Der Euro ist ein politisches Projekt

Der Euro ist eine Währung ohne Staat, im Prinzip also zum Scheitern verurteilt. Er ist mit vielen politischen Ambitionen an den Start gegangen, war aber vor allem ziemlich undurchdacht gestaltet. So sei es. Nun ist es an der Zeit, die Geburtsfehler zu beheben. Daran hat Europa die vergangenen Jahre gearbeitet: einen Fiskalpakt für das Verkleinern der Schuldenberge und das Zurückdrängen der Haushaltsdefizite, eine Bankenunion, um den brüchigen Bankensektor zu gesunden und dies nicht auf Kosten der Steuerzahler geschehen zu lassen und eine Wirtschaftsunion, um unsere Ökonomien aufeinander zuwachsen zu lassen und sie wehrhaft für die Konkurrenz auf dem Weltmarkt zu machen. Die Mitgliedsstaaten sind als Folge der Eurokrise viel mehr Verpflichtungen für einander eingegangen, als das vorher der Fall war. Das Ganze steht nun zum Vollzug bereit. Es ist nun an den Mitgliedsstaaten, alle diese schönen Dinge auf sich selbst anzuwenden. Aber anders als früher gibt es nun auch ein Knüppel-aus-dem-Sack: Die Europäische Kommission achtet darauf, dass das Abgesprochene nun auch befolgt wird und sie kann bei Nachlässigkeit wirksam eingreifen. Ohne Erfüllung der Bedingungen haben die Euroländer keinen Zugang zu dem Rettungsschirm ESM oder zum Ankauf von Staatsobligationen, die die EZB anwenden kann. Die Eurokrise hat zu einem europäischen Staat im Aufbau geführt. Das war auch nötig.

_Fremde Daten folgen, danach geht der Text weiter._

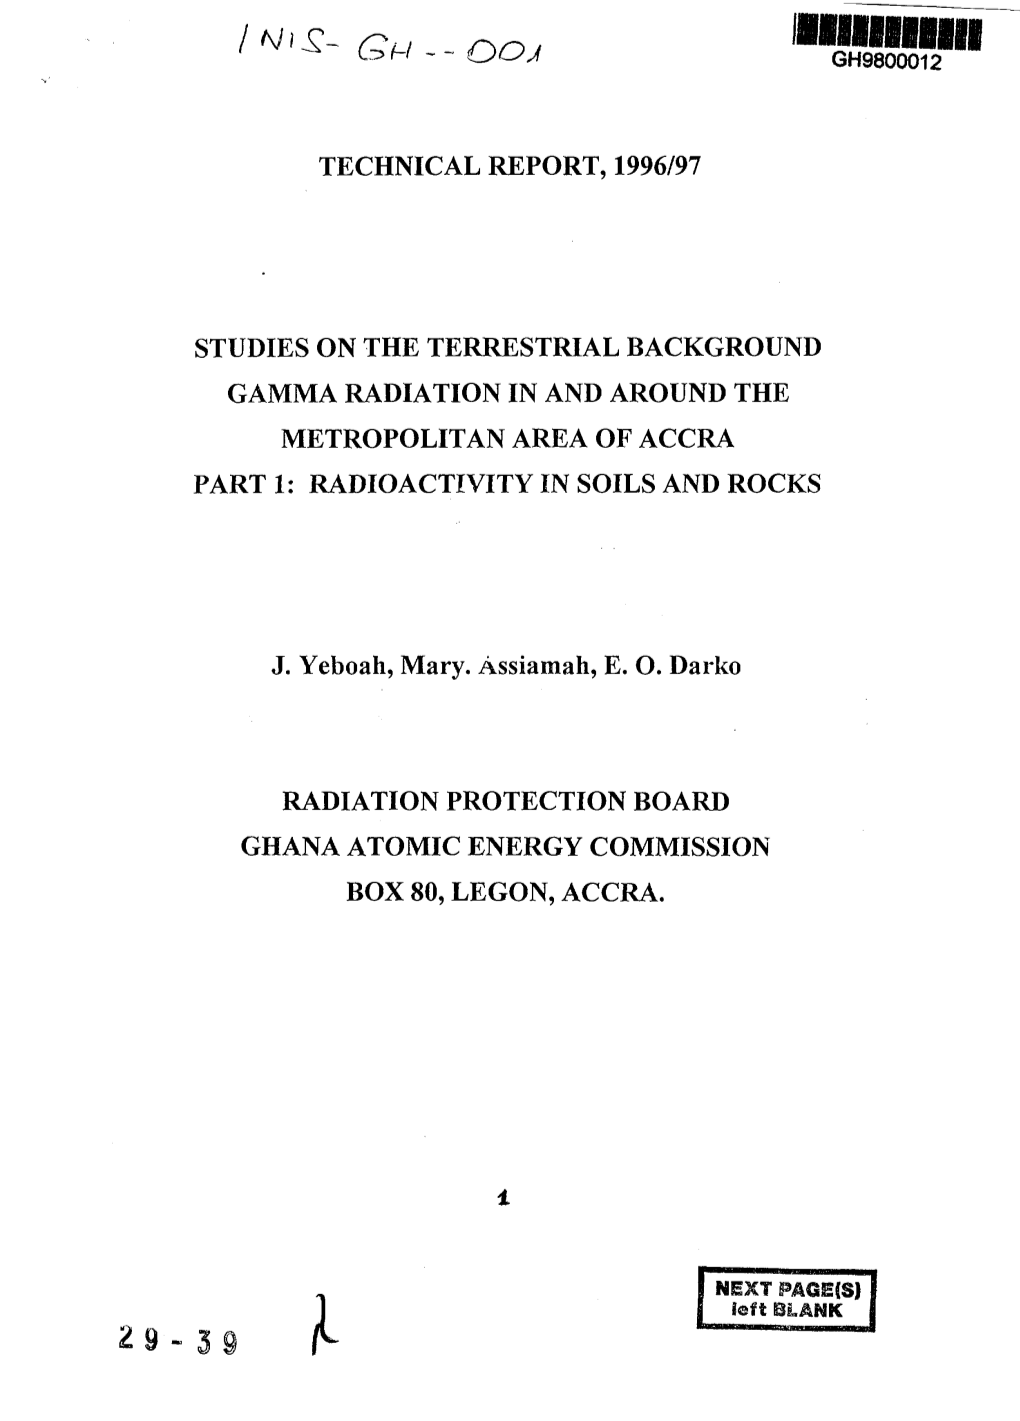 Studies on the Terrestrial Background Gamma Radiation in and Around the Metropolitan Area of Accra Part 1: Radioactivity in Soils and Rocks

Ohne die Rolle Deutschlands wäre dies alles nicht gelungen. Was jedoch geschehen wäre, ist schwer vorauszusagen: wahrscheinlich eher sanfte Lösungen, sicherlich auch mehr leichtes Geld, dadurch vielleicht auch – unter dem Druck der Finanzmärkte – ein Zerfleddern der Eurozone. Wer kann das sagen? Deutschland, das Land, das am stärksten mit Europas Schicksal verbunden ist und daher das Ziel des Euros am stärksten vor Augen hat, hat am härtesten für den Euro gekämpft. Angela Merkel hat, mehr als jedweder europäische Politiker, die Bedeutung des Euro fest im Visier behalten. Sie wusste recht schnell, warum diese Gemeinschaftswährung gerettet werden musste und wie das am besten nachhaltig geschehen konnte: Der Europäische Rat war dafür ihre Arena. Auch wenn nicht alles nach ihrem Kopf ging, im Kern hat sie es verstanden, ihre europäischen Kollegen zu überzeugen. Im eigenen Land hat sie ihren Landsleuten den europäischen Weg gewiesen und gleichzeitig ein Auge für ihre Sorgen gehabt. Bei all ihren Lösungen hat sie die Mitte gesucht und gefunden – zwischen der deutschen Verantwortung für Europa und ihrer eigenen Pflicht als demokratisch gewählte Regierungschefin. In der Regel führte das auch zu guten Ergebnissen für Deutschland. Auch durch ihre Rolle haben angsteinflößende Töne in Deutschland wenig Gelegenheit bekommen, um die Bevölkerung zu radikalen, negativen Auffassungen zu verführen. Fast immer ist der Bundestag ihrer Europapolitik mit großer Mehrheit gefolgt. Die Eurokrise (in jedem Fall bis zum Frühjahr 2014) war Angela Merkels finest hour als Regierungschefin.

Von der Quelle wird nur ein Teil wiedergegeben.